Personal information
- Full name: Naohiko Minobe
- Date of birth: 12 July 1965 (age 60)
- Place of birth: Moriyama, Shiga, Japan
- Height: 1.76 m (5 ft 9 in)
- Position: Defender

Team information
- Current team: Asuka FC (manager)

Youth career
- 1981–1983: Moriyama High School

Senior career*
- Years: Team / Apps / (Gls)
- 1984–1993: Gamba Osaka
- 1994–1995: Kyoto Purple Sanga / 42 / (0)

Managerial career
- 2006–2007: Kyoto Sanga
- 2008–2011: Tokushima Vortis
- 2013–2015: Nagano Parceiro
- 2021–: Asuka FC

Medal record
Gamba Osaka
| Winner | Emperor's Cup | 1990 |

= Naohiko Minobe =

Japanese footballer and manager

Naohiko Minobe (美濃部 直彦, Minobe Naohiko) is a Japanese football manager and former player. He currently is the manager of club, Asuka FC.

==Playing career==
Minobe was born in Moriyama on July 12, 1965. After graduating from high school, he joined Matsushita Electric (later Gamba Osaka) in 1984. He played many matches mainly as a right back. In 1990, Matsushita Electric won the Emperor's Cup, the first major title in the club’s history. In 1994, Minobe moved to Kyoto Purple Sanga, playing in the Japan Football League. In 1994, he became a captain and played as a regular starter. In 1995, although his opportunity to play decreased, the club finished in second place and was promoted to J1 League. However Minobe retired at the end of the 1995 season without having played in J1 at the club.

==Managerial career==
After retirement, Minobe became a coach for Kyoto Purple Sanga (later Kyoto Sanga FC) in 1996. He mainly managed the youth team until 2003.

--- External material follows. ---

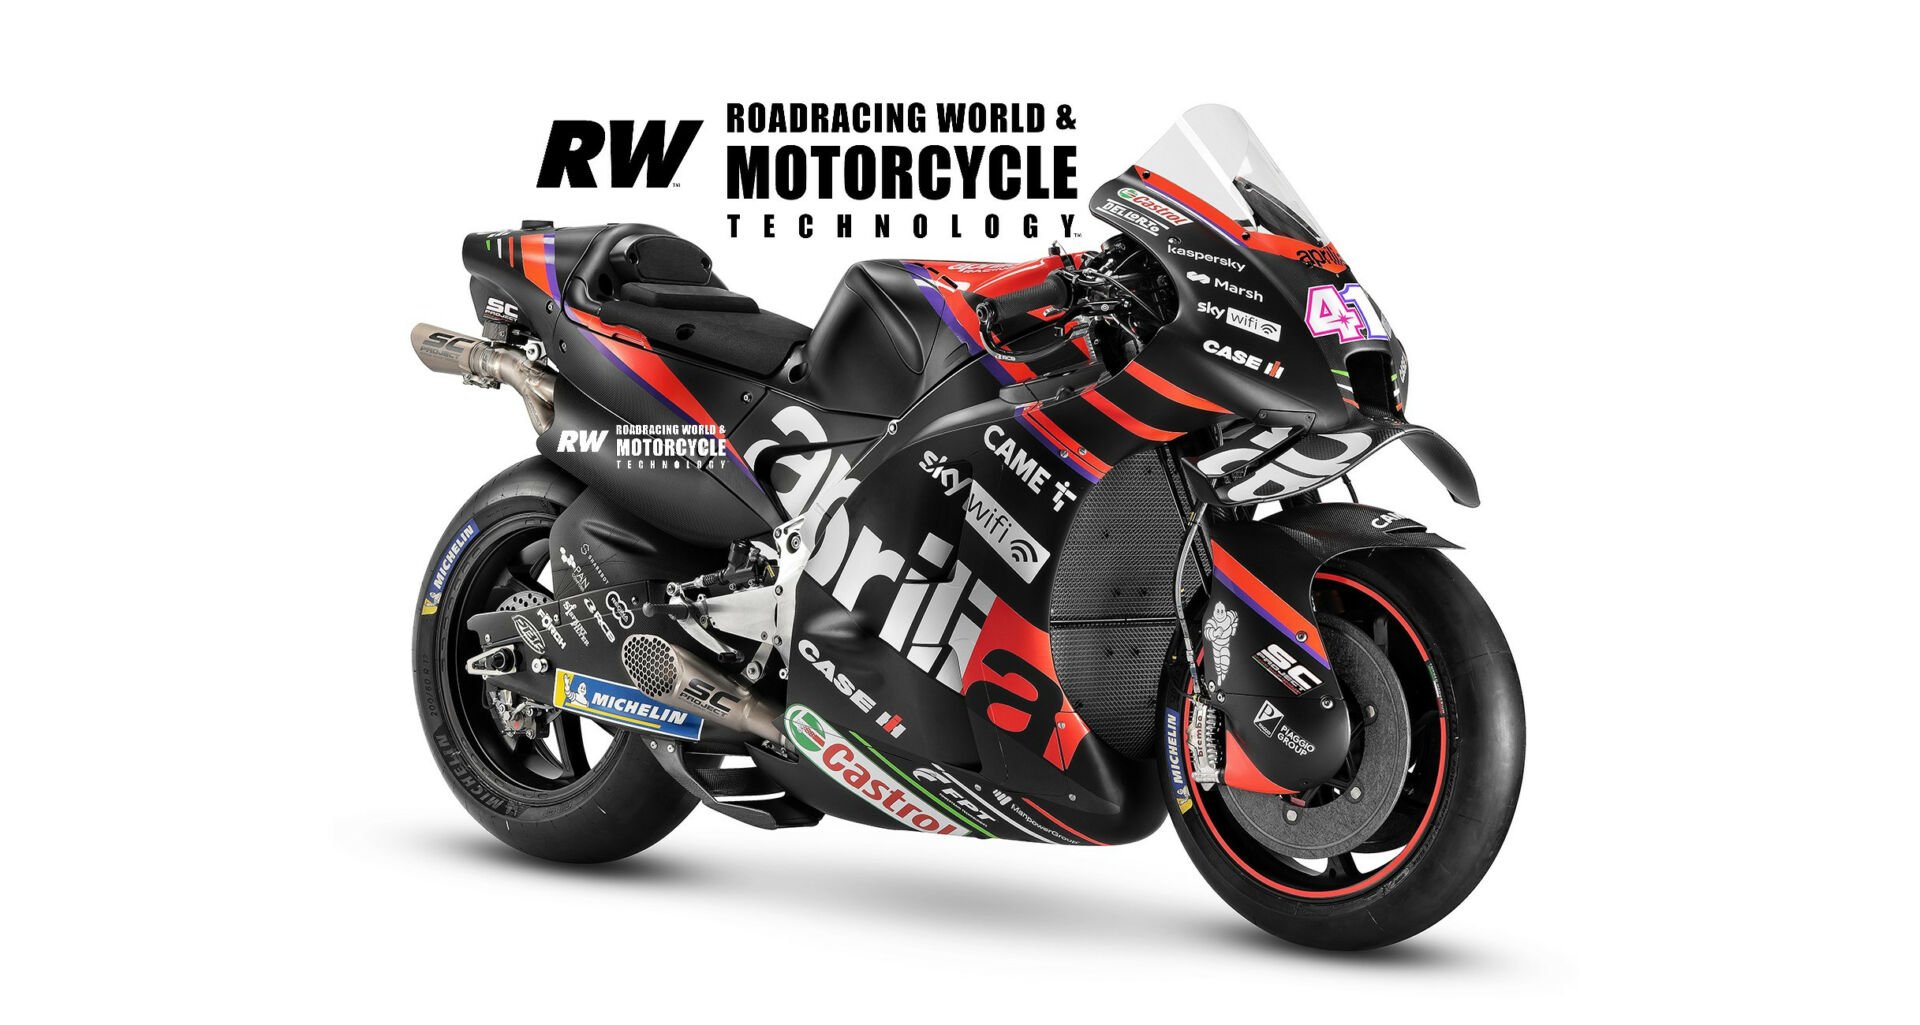 The 90-degree V4 Aprilia RS-GP as ridden by Aleix Espargaró (41), who took Aprilia's first MotoGP win. Note aerodynamics: Multi-element wings, fender extending over fork legs, air-gap between front wheel and fairing, and rear wheel airflow device and shielding. Photo courtesy Aprilia.
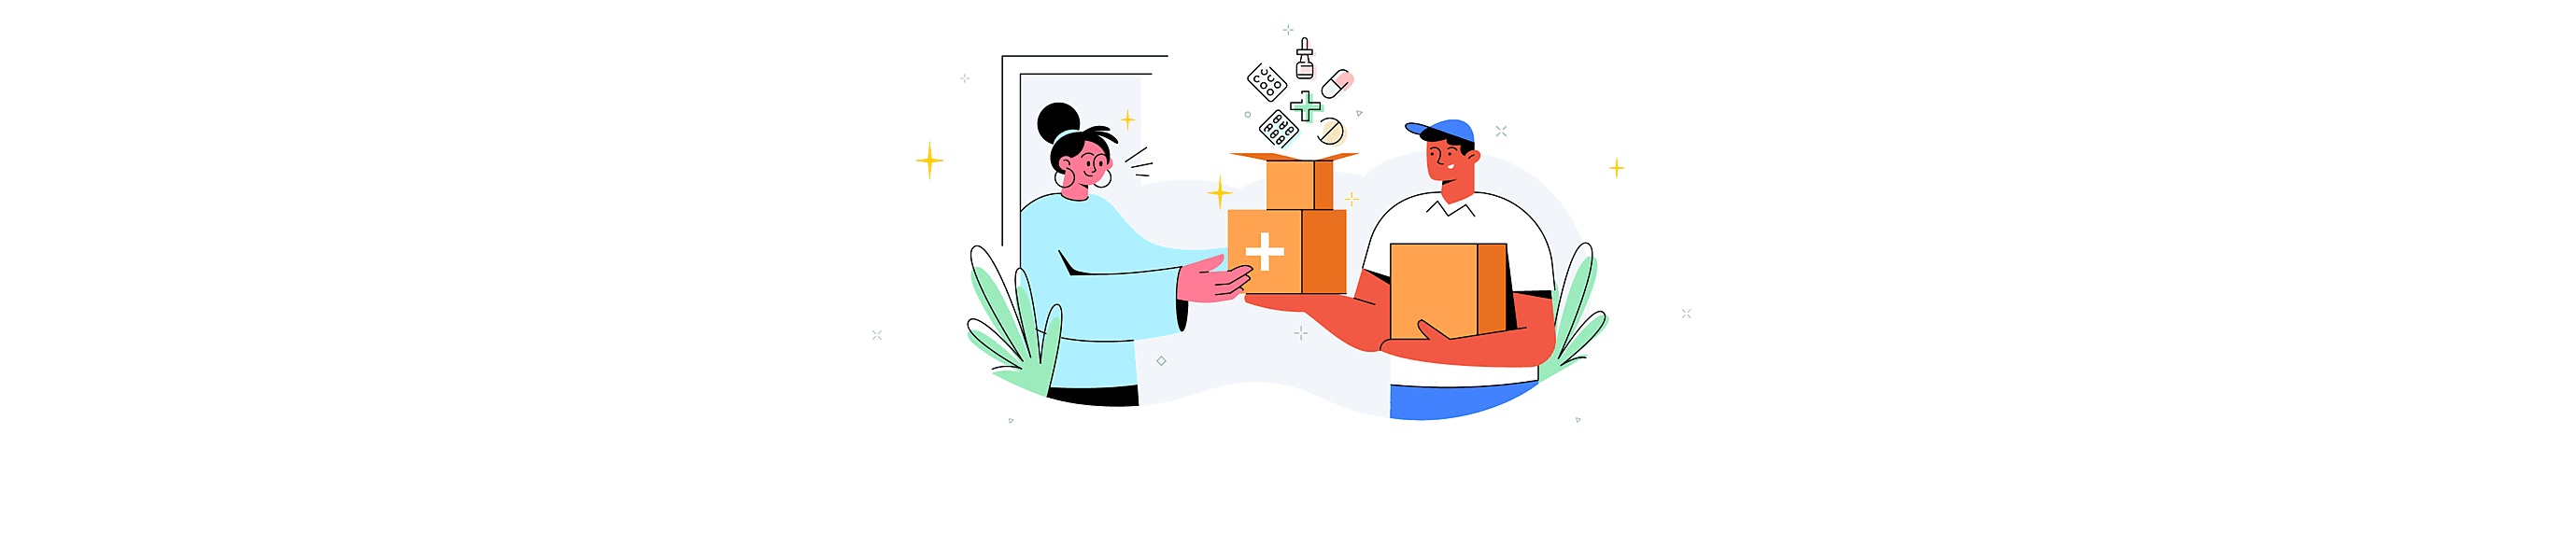 How To Create An On-Demand Medicine Delivery Service Like Capsule or CVS

In 2004, he became a coach for top team. In October 2006, manager Koichi Hashiratani was sacked and Minobe became the new manager as Hashiratani’s successor. However the season’s results were bad and the club was relegated to the J2 League. Although he started the season as manager in 2007, he was sacked in October.

In 2008, Minobe signed as manager with J2 club Tokushima Vortis. Although the club finished in bottom place in 2008, the club results improved each season after that and they finished in 4th place in 2011. Minobe resigned at the end of the 2011 season. In 2013, Minibe signed with Japan Football League club AC Nagano Parceiro, and led the club to win the league that year, meaning the club was promoted to the newly formed J3 League for the 2014 season. In 2014, although the club finished the 2nd place, they lost the promotion/relegation series, and were not promoted to J2. In August 2015, although the club place was doing well in 3rd place, Minobe resigned due to health problems.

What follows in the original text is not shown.